*DATA:*
┏━━

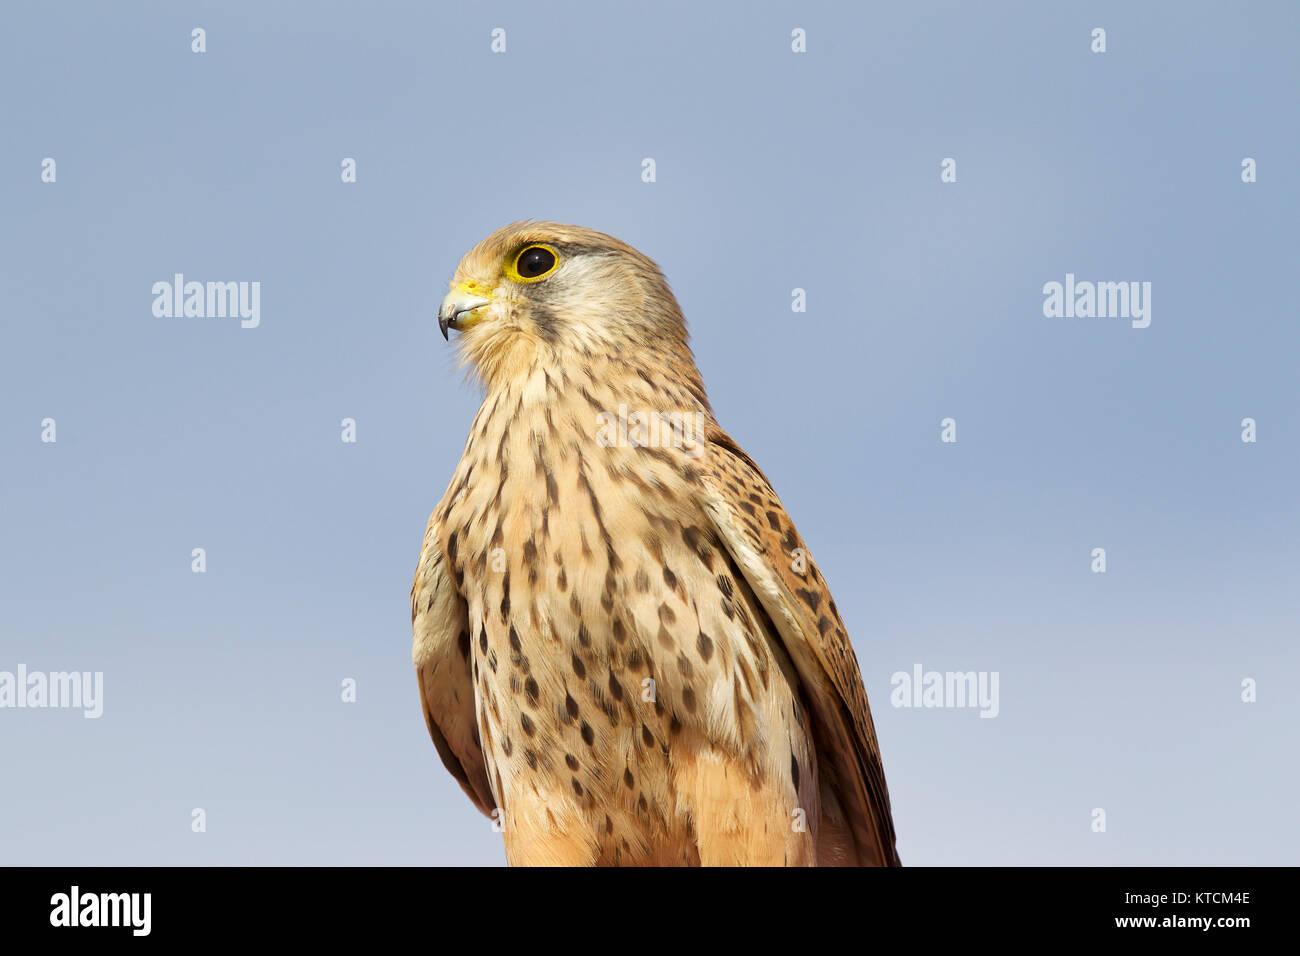 Proud bird of prey falcon family, Cyprus Stock Photo
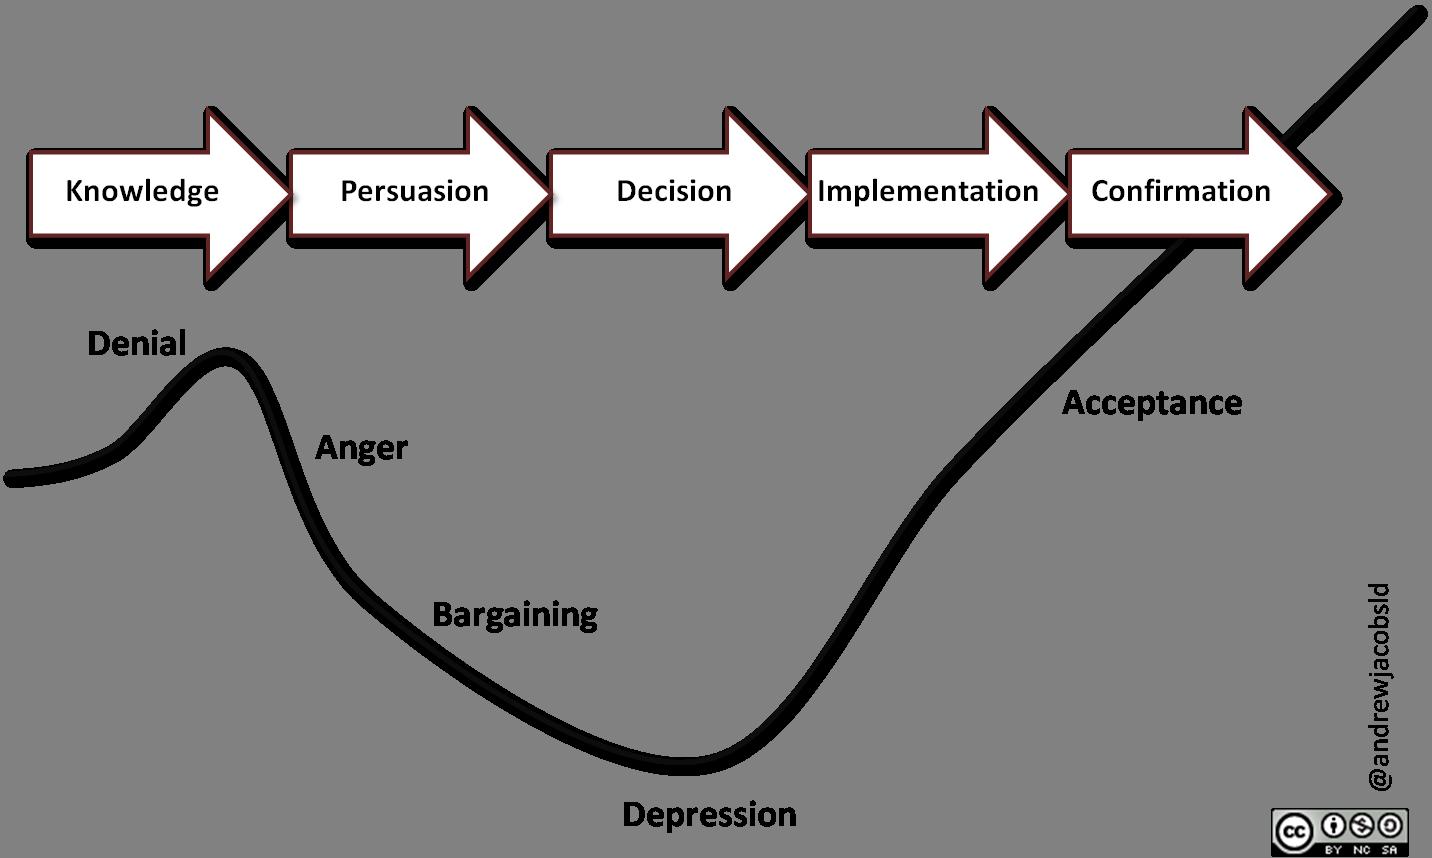 Kubler-Ross Five Stage Model
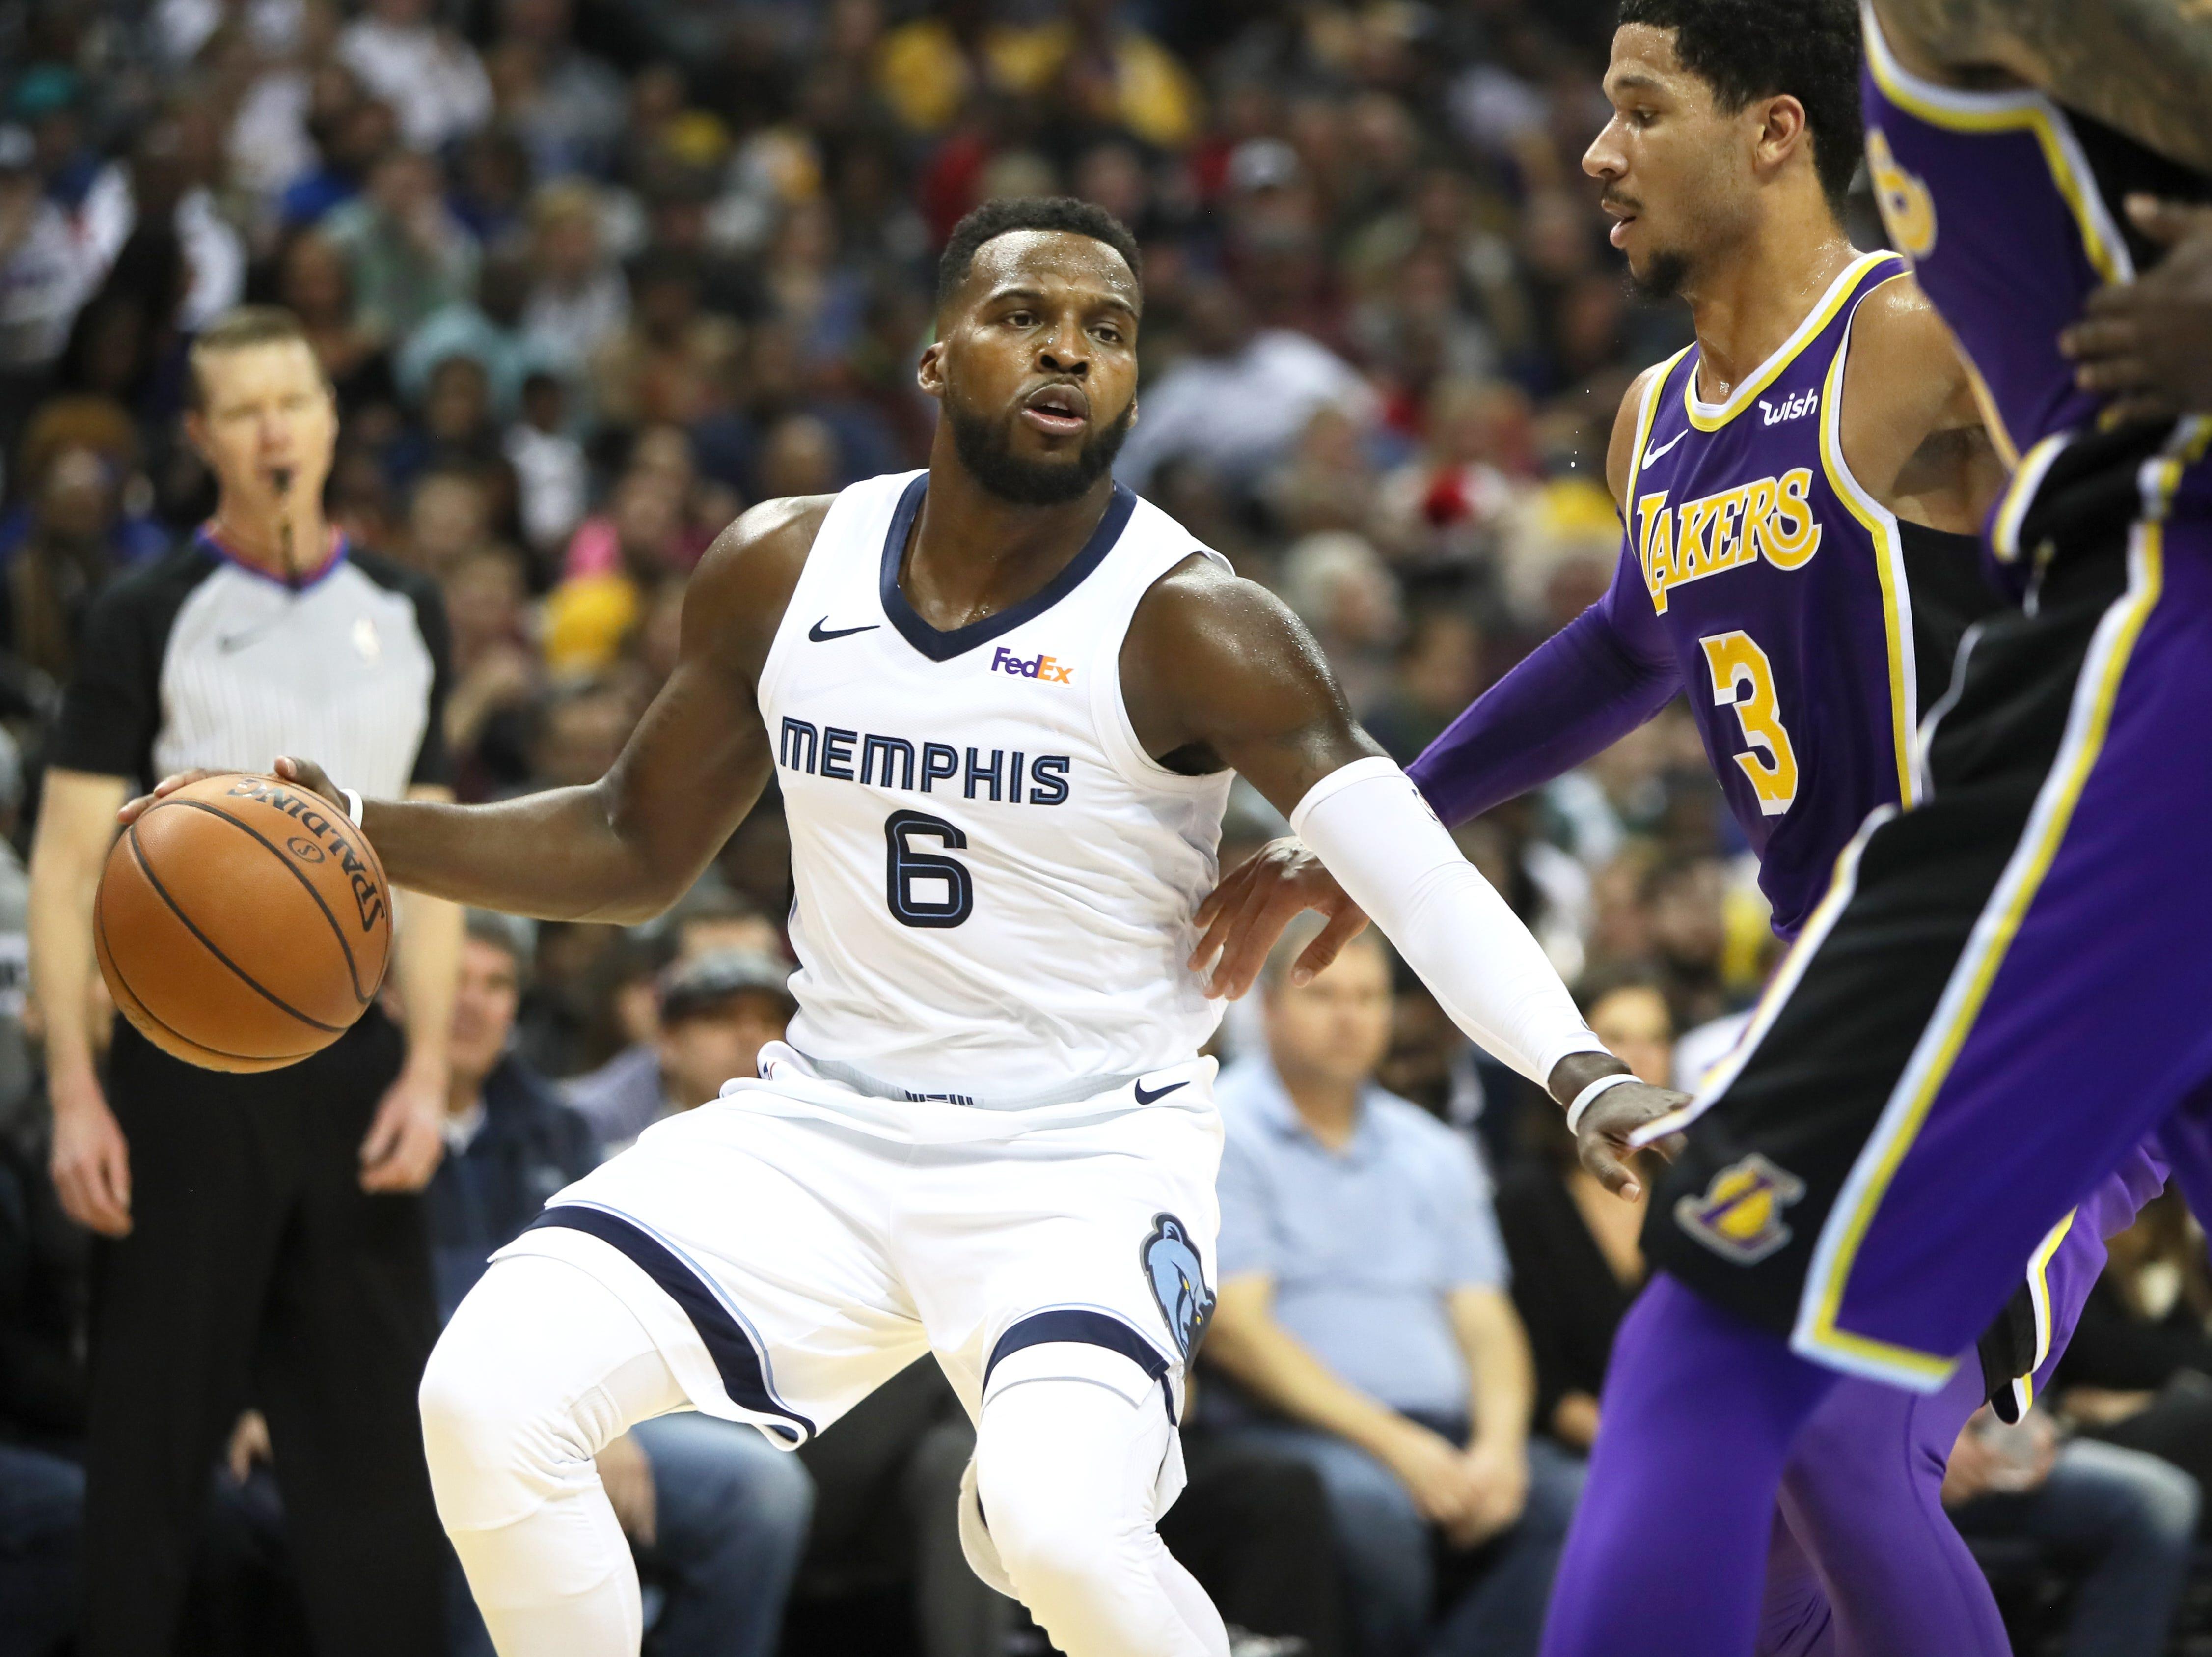 Memphis Grizzlies guard Shelvin Mack tries to get past  Los Angeles Lakers defender Josh Hart at the FedExForum on Saturday, Dec. 6, 2018.
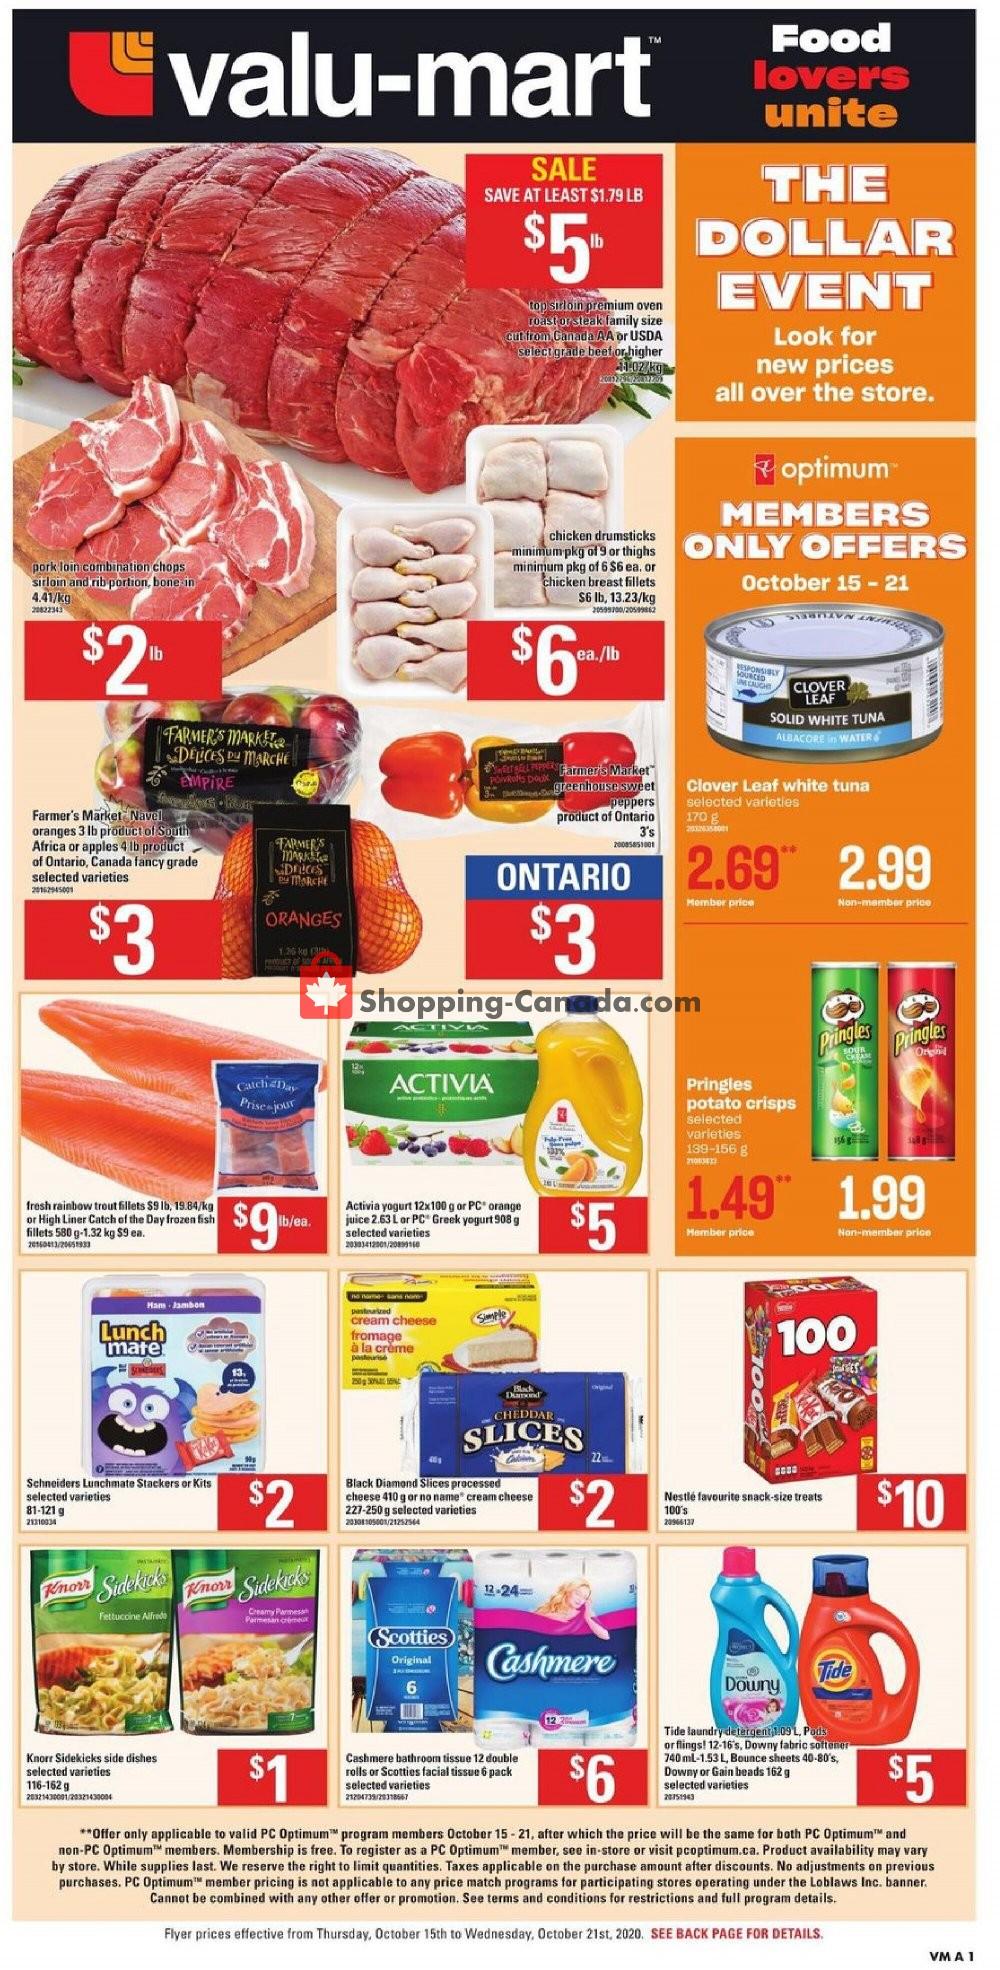 Flyer Valu Mart Canada - from Thursday October 15, 2020 to Wednesday October 21, 2020

┗━━

Print the material above verbatim except the pictures.

*SOLUTION TO THIS PROBLEM:*
 Proud bird of prey falcon family, Cyprus Stock Photo
 Kubler-Ross Five Stage Model
 Memphis Grizzlies guard Shelvin Mack tries to get past  Los Angeles Lakers defender Josh Hart at the FedExForum on Saturday, Dec. 6, 2018.
 Flyer Valu Mart Canada - from Thursday October 15, 2020 to Wednesday October 21, 2020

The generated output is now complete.